Today’s To-Do List was a failure.

I did get the dishes done. I was busy. I performed The Wisconsin Lilac Chainsaw Massacre and managed to reduce one lilac by half and get most of the cuttings down to the street for pickup. I’ll give another go tomorrow – maybe. I haven’t checked the weather forecast. I also whacked down the invasive dogwood whatever that keeps sprouting in what was once a nice perennial garden. Like an aspen, the thing spreads via its roots.

If I hadn’t had to plant a couple arbor vitae and a lot of tall flowers to keep the old lady that lived next door out of my yard, the dogwood wouldn’t have taken over so badly because I would have kept mowing over them. But the old biddy next door had to be in my yard, pulling everything she considered a weed and leaving them either on top of my trash can of just tossed in my driveway. So I wasn’t mowing that area very much and the dogwood kept growing in the perennials.

The neighbor was a load of fun. She used to sneak over and put her trash in my bin. Her reason for doing so was that the can the city gave out was too large so she would just do it until she got the smaller bin. However even after she got her bin, she’d use mine until I finally told her I didn’t want to deal with her if she fell in my driveway while trespassing.
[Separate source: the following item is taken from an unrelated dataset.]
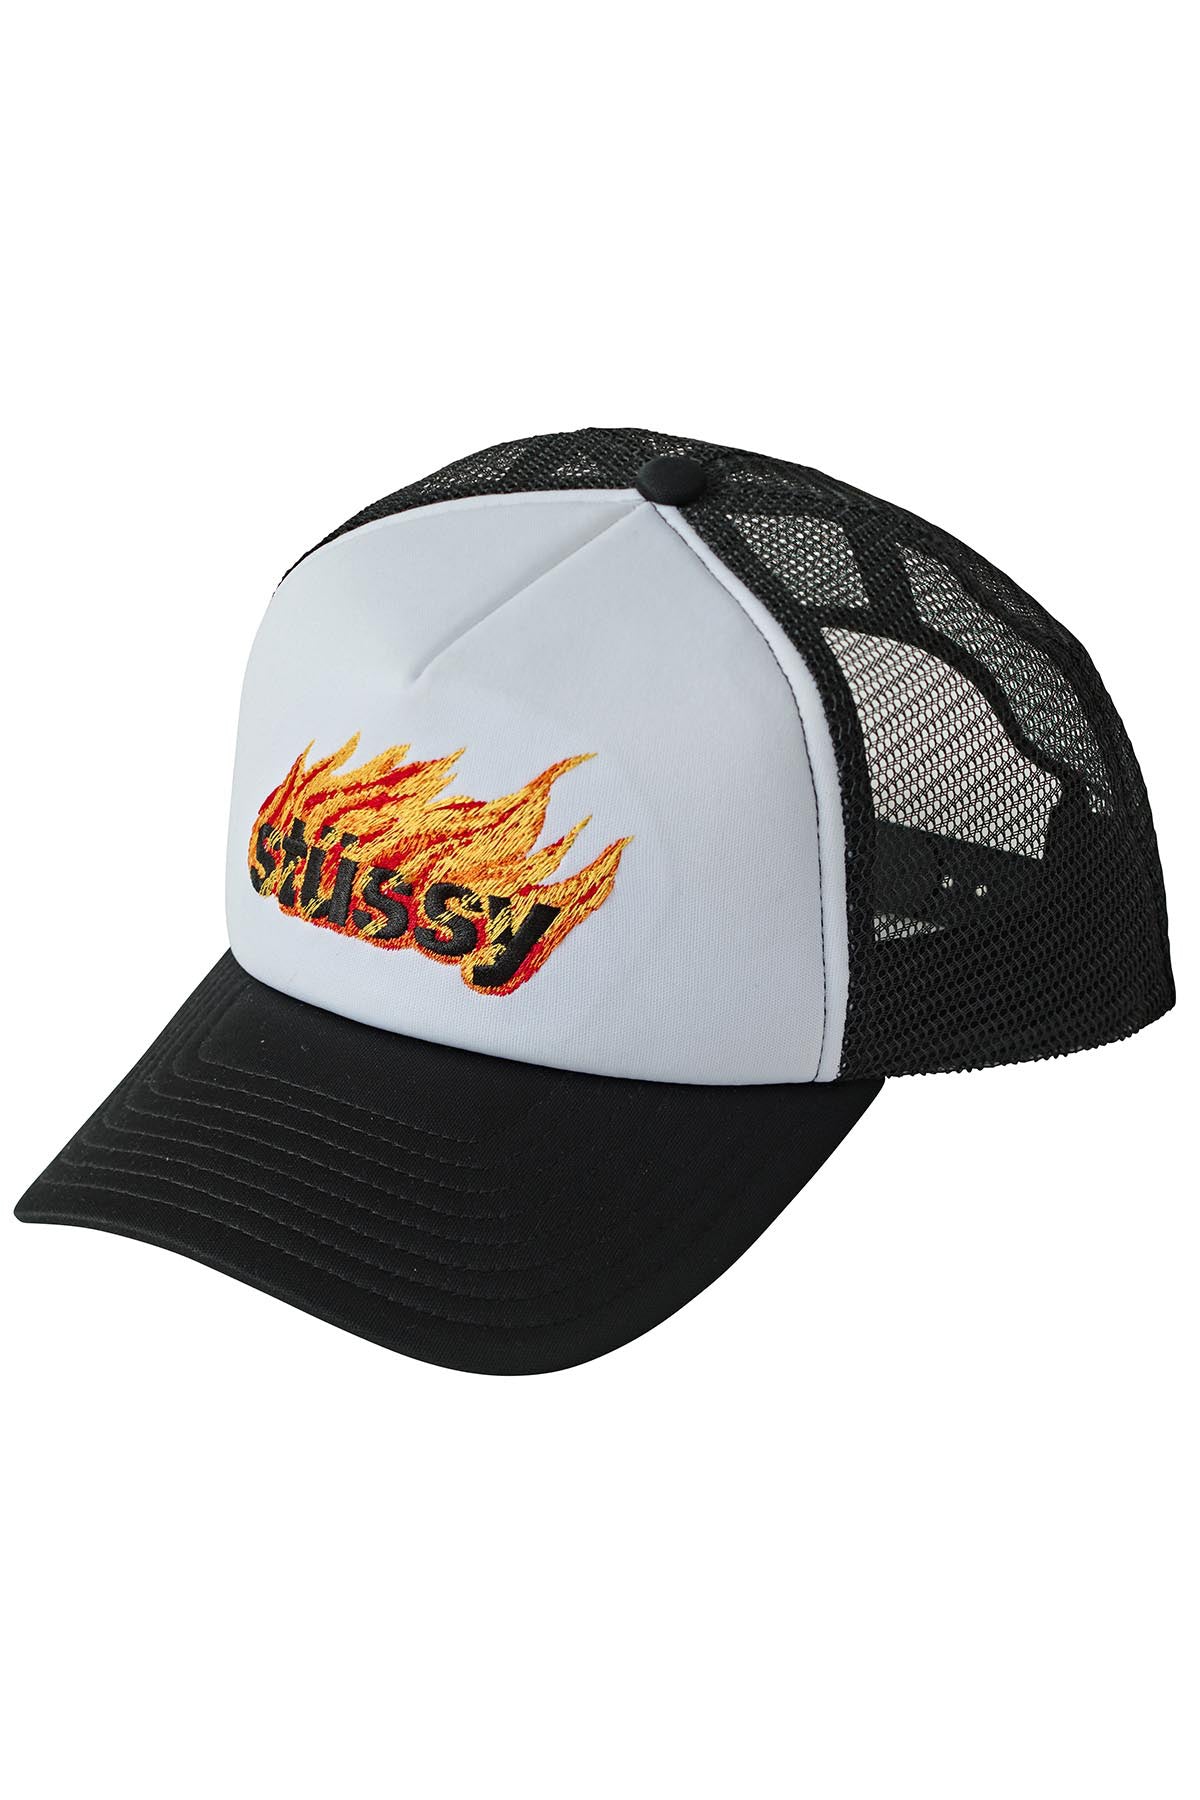 FLAMES TRUCKER CAP - White/Black

She objected so strenuously to my cans being on the side of my garage that she could see from her window, that she bought and had someone install, six-foot high vinyl fence panels on her property to hide my cans from her sight. The fence panels ran the length of my garage. I moved them to the front of the garage and she installed two more panels. I considered moving the cans down the length of my driveway a few feet a year to see if she would keeping buying fence but I never did that. She’s gone now so no more problems. I have a nice couple as neighbors now.

Anyway, back to my list – part of the list was to finish 3 Japanese stab bound notebooks for the upcoming Artists’Night we’re having at the Makerspace I belong to. I did practice cards of the patterns I intended to use, but one pattern took a lot of practice to get right.

First there was getting the design on graph paper. Then determining the stitching. Once that was done, I did a practice card. It was stitch, take out the thread, start over, take out the thread. I finally got the pattern and the stitching steps right. I still had a bit of trouble because the more complex the pattern, the longer the thread has to be and even with the waxed thread, tangles occur.

Then the fun began. I lost count of the steps and had to start over. After a few tries, things fell into place and the pattern started to take shape. I got two-thirds of the way done and ran out of thread. Spent a lot of time sewing the book. Halfway through, I realized I used a wrong hole. No big deal. Pulled out the thread and ripped the cover. I made a new cover.

Realized that even though I was using longer length of thread, it was too short. Picked the thread out. Started over, halfway through got a major knot. Gave up. I’ll try again tomorrow. I have to go make a new to-do list.